The program is one of the fastest-growing in state government. This year it is budgeted at $5.42 billion to provide care for some 440,000 Californians. The aim is to allow low- income and elderly incapacitated people to remain in their homes, saving the state the expense of costly nursing homes. Experts generally consider it a success.


But government funds are flowing in so quickly, with such limited oversight, that prosecutors say it is common for the state to send paychecks to scam artists claiming to be caring for someone who is dead. Or claiming to be caring for a relative or friend faking a disability. Or claiming to be providing care during the same hours they are working elsewhere.

“This program is very easy to abuse,” said Michael Ramsey, the district attorney in Butte County in Northern California, which disbanded its In Home Supportive Services fraud unit in 2007 because of budget cuts. “It invites chicanery and fraud.”

Some critics of the program say politics has blocked efforts to combat fraud. The program has become a steady source of revenue for the Service Employees International Union, among the most powerful interest groups in the Capitol, as well as a second union, the United Domestic Workers of America.

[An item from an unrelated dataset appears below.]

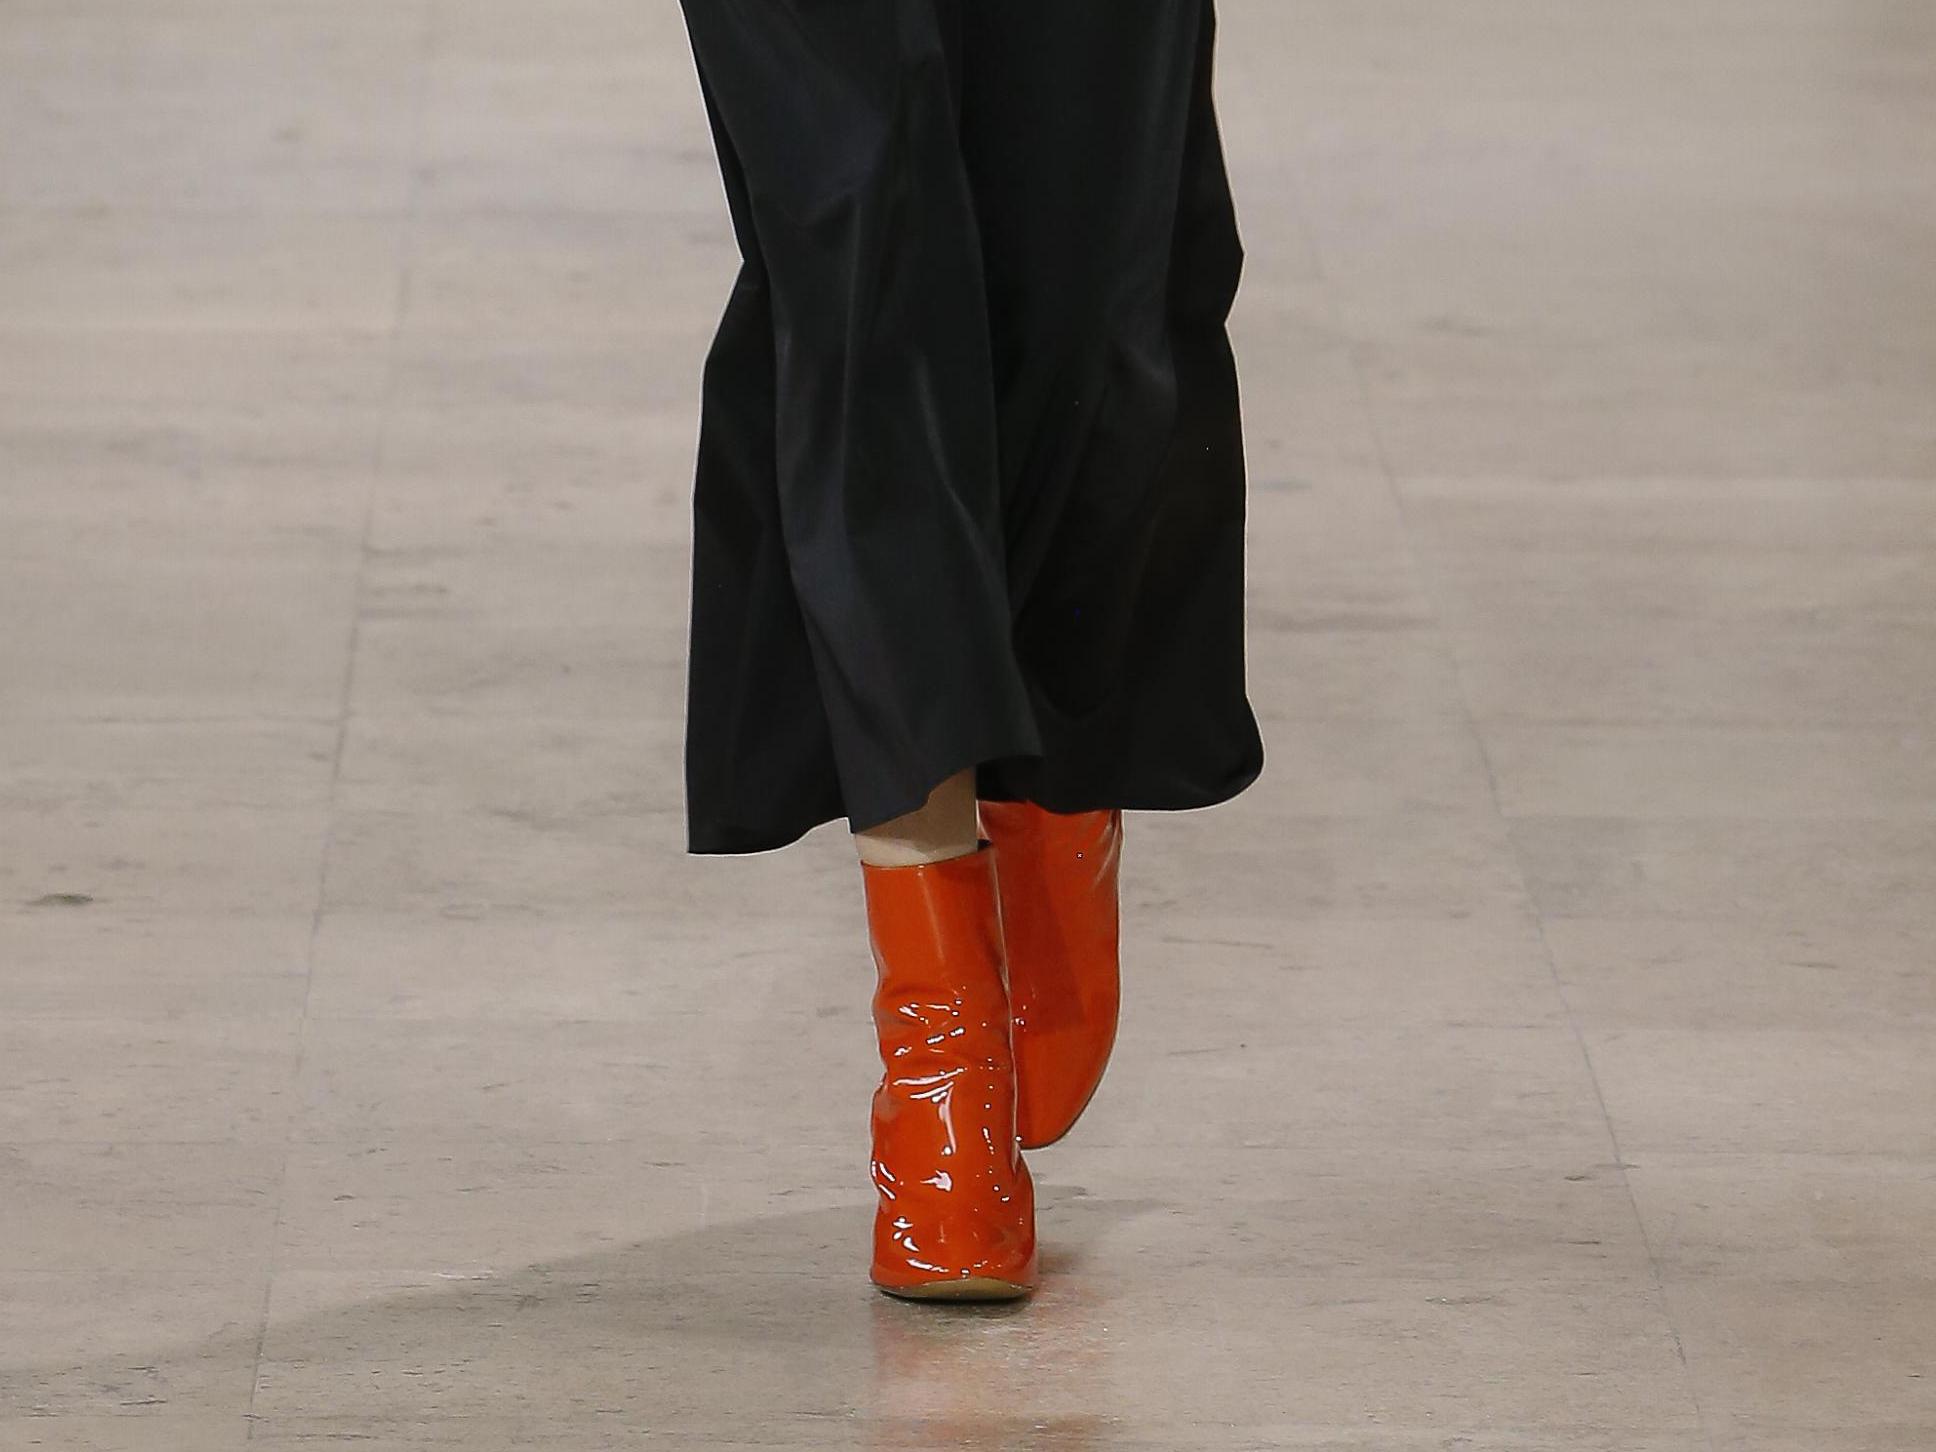 d76df8530 Bellwether Boots | Affidavit

Under the program, people receiving care are entitled to hire whom they wish at government expense. Most hire their relatives, because family members are often the most appropriate to provide the needed round-the-clock feeding, changing, bathing and other care. Wages range from $8 to $14.68 an hour, depending on the county. Those workers are required to pay monthly union dues that total millions of dollars. The SEIU, for example, collects nearly $5 million a month from its 223,000 In Home system members.

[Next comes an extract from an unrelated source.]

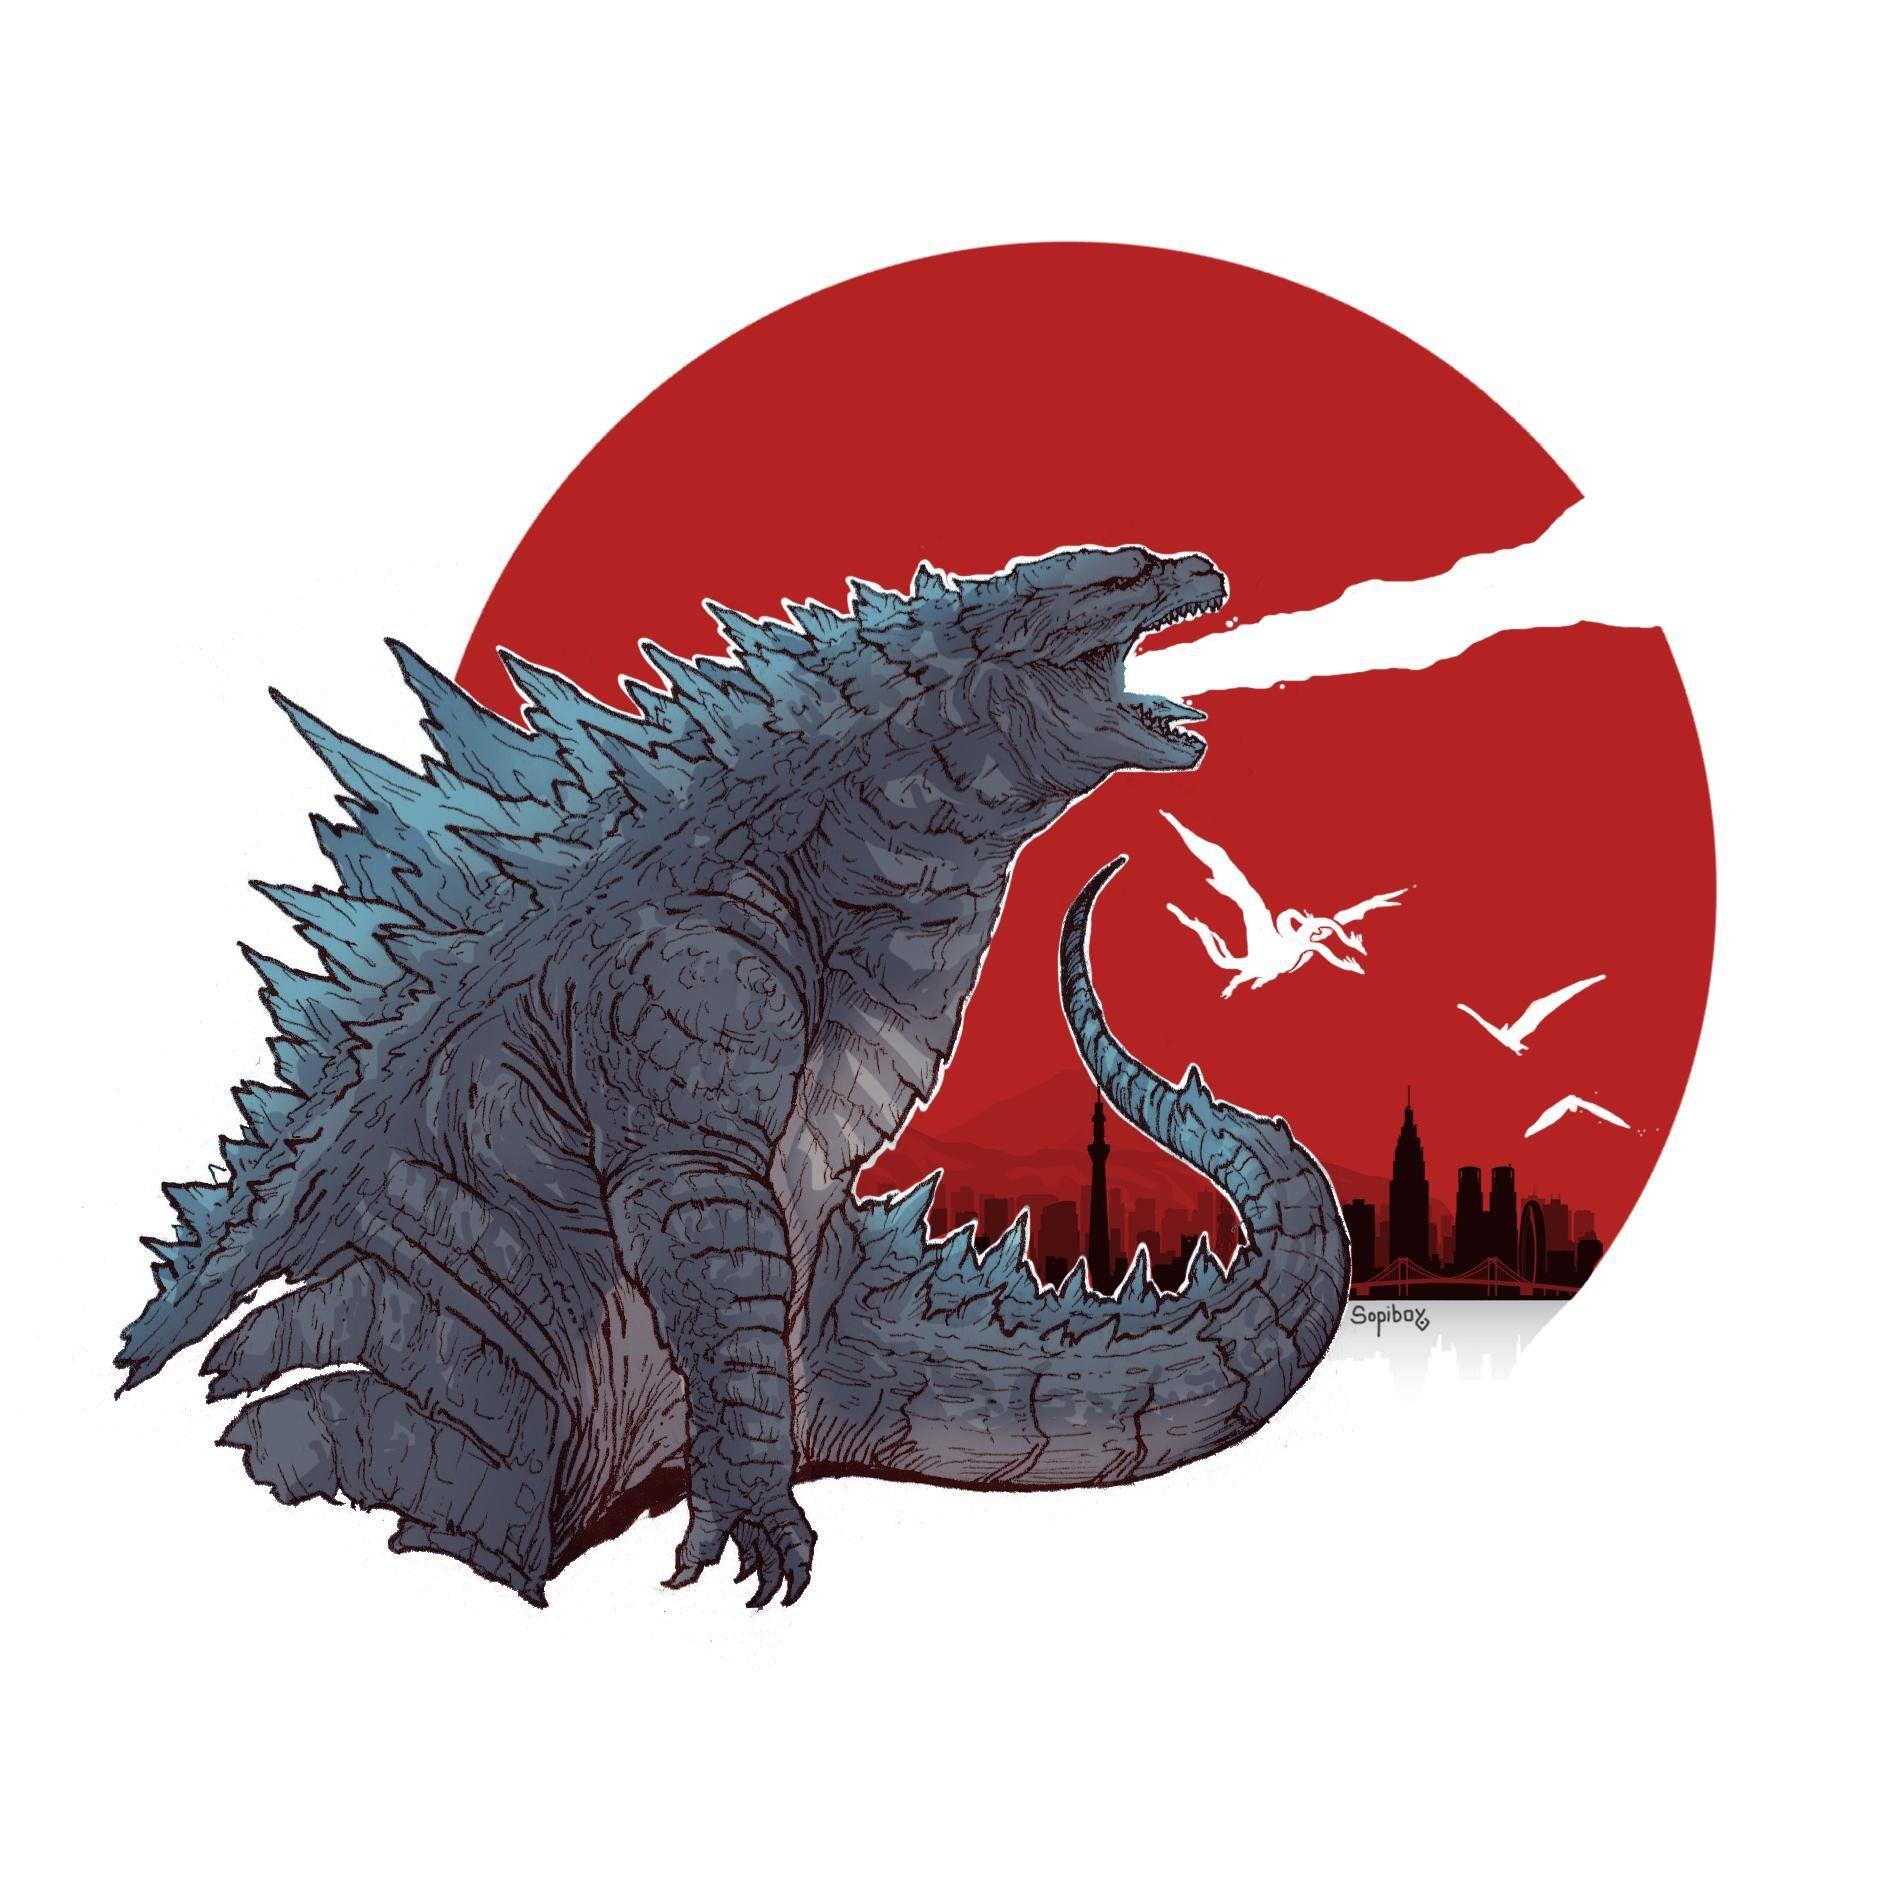 Godzilla 2 Imax Poster Textless: Godzilla By JeanBaptiste Roux Godzilla In 2019 Godzilla Movie

The unions donate heavily to the campaigns of Democrats who control the Legislature and organize get-out-the-vote efforts on their behalf.

“There is a huge amount of money flowing to unions from this vast pool of workers they have been able to organize,” said Sen. Dave Cogdill (R-Modesto). “Anything they see as a threat to that income stream they are going to challenge and use the political muscle they have to do it.”

Union officials deny they have been a barrier to enforcement. Scott Mann, spokesman for SEIU Local 6434 in Los Angeles, said the organization has zero tolerance for abuse of the program. The organization backs a plan to root out swindlers by launching a study on the problem that would not be completed for nearly three years.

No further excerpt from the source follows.